What? This is like saying you and your younger brother are commutative. It makes no sense. Commits are snapshots, not diffs. i.e. they're variables, not operations. i.e. they're verbs, not nouns. They're as commutative as you and I are.
Oh, I see what you're saying now, I think. You're arguing for commits to completely lose any relationship with one another by default while remaining simple snapshots. I didn't realize this at first since I fail to see the immediate utility of this.
I agree the concept of a standalone snapshot is useful, but I don't think snapshots are the right abstraction when thinking about the evolution of a codebase from a human perspective and consider changes the more important concept.
I mean, the idea that commits are diffs is a (common) misconception about git, likely carried over from another VCS. The snapshot model is the current abstraction; I haven't added any idea of my own here here. It's right there in the documentation: https://git-scm.com/book/en/v2/Getting-Started-What-is-Git%3...
But I never said changes aren't important and should be neglected. And I'm also not saying there shouldn't be any relationship about commits' relationships to each other. You certainly can and should record and utilize that information as well. It just shouldn't be part of that commit. (Except maybe if it's a merge commit, in which case the contents of the previous file system snapshot are relevant. But even there, that shouldn't include the hash, which represents all the ancestors.) Information about commits' relationships should be external information, whose manipulation won't suddenly alter the commits or their identities themselves.

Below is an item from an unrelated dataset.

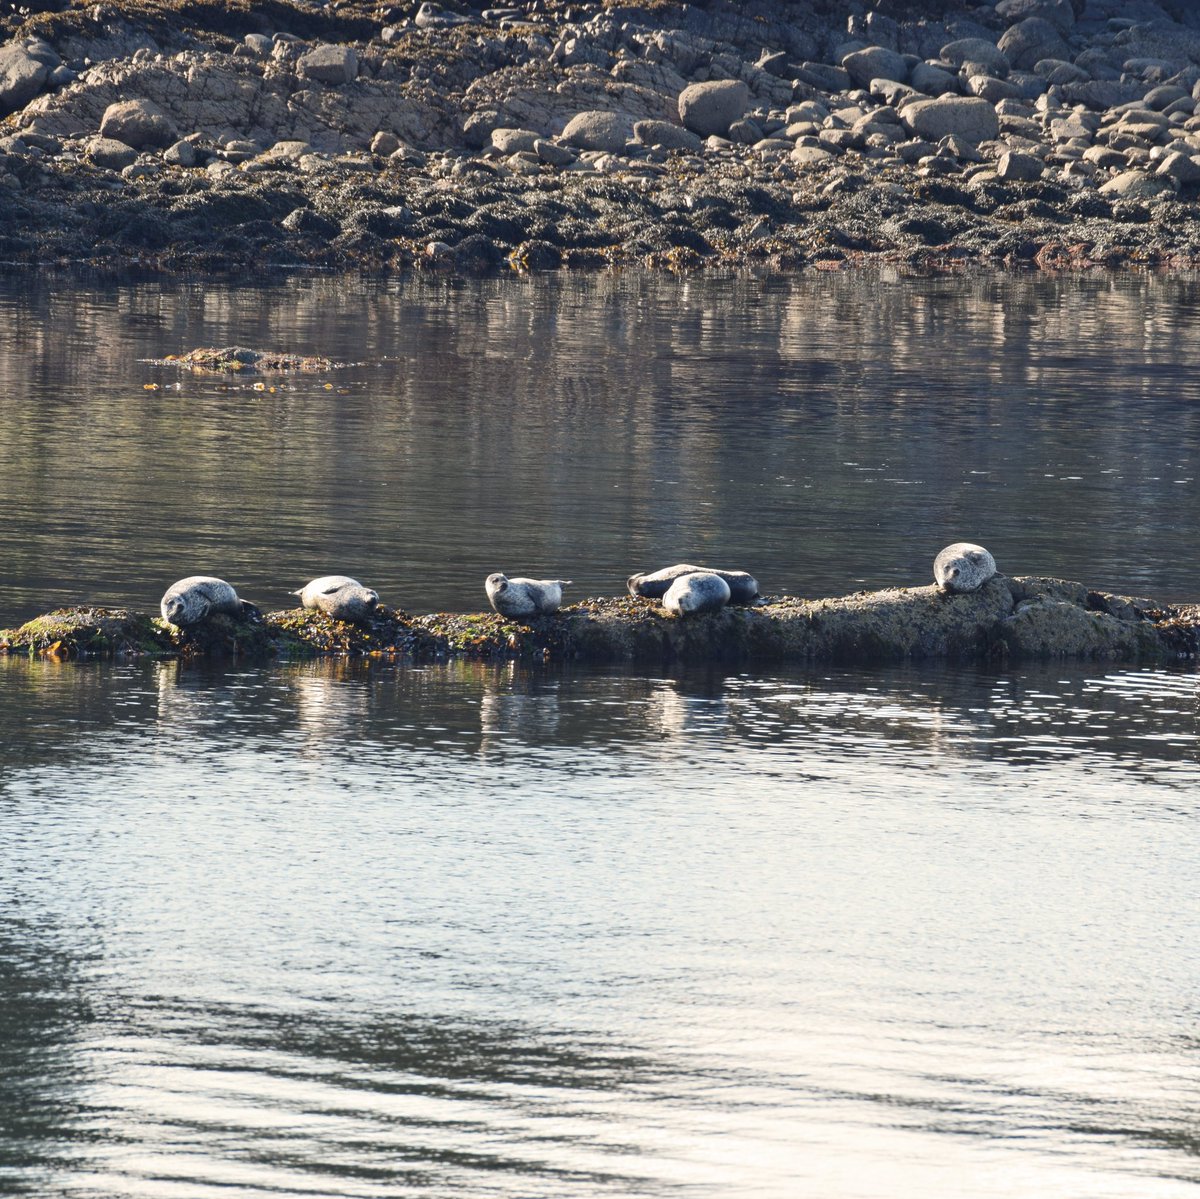 Seals.

#castleton #lochfyne #seals #scottishwildlife #scottishsealife #visitscotland

This isn't a radical proposal or something. For starters, git's own documentation (which I already linked here) literally say "Git thinks of its data more like a series of snapshots of a miniature filesystem". Well, the snapshot of the file system doesn't include the history of how it came into creation, so doesn't that mean that shouldn't be part of your commit? That's already a contradiction with its own principles right there. And going beyond that, most things we do with commits already revolve around the file system snapshots, not the history. e.g. when you sign a commit, you sign the snapshot, not the history. Or when you say this guy is the "committer", you're just talking about the snapshot, not the history. And when a commit gets inserted into the middle of the history, that logically doesn't affect you, and in practice, you don't want it to trash the commit you're one. The identity of your commit is still the same after all -- it's the same snapshot.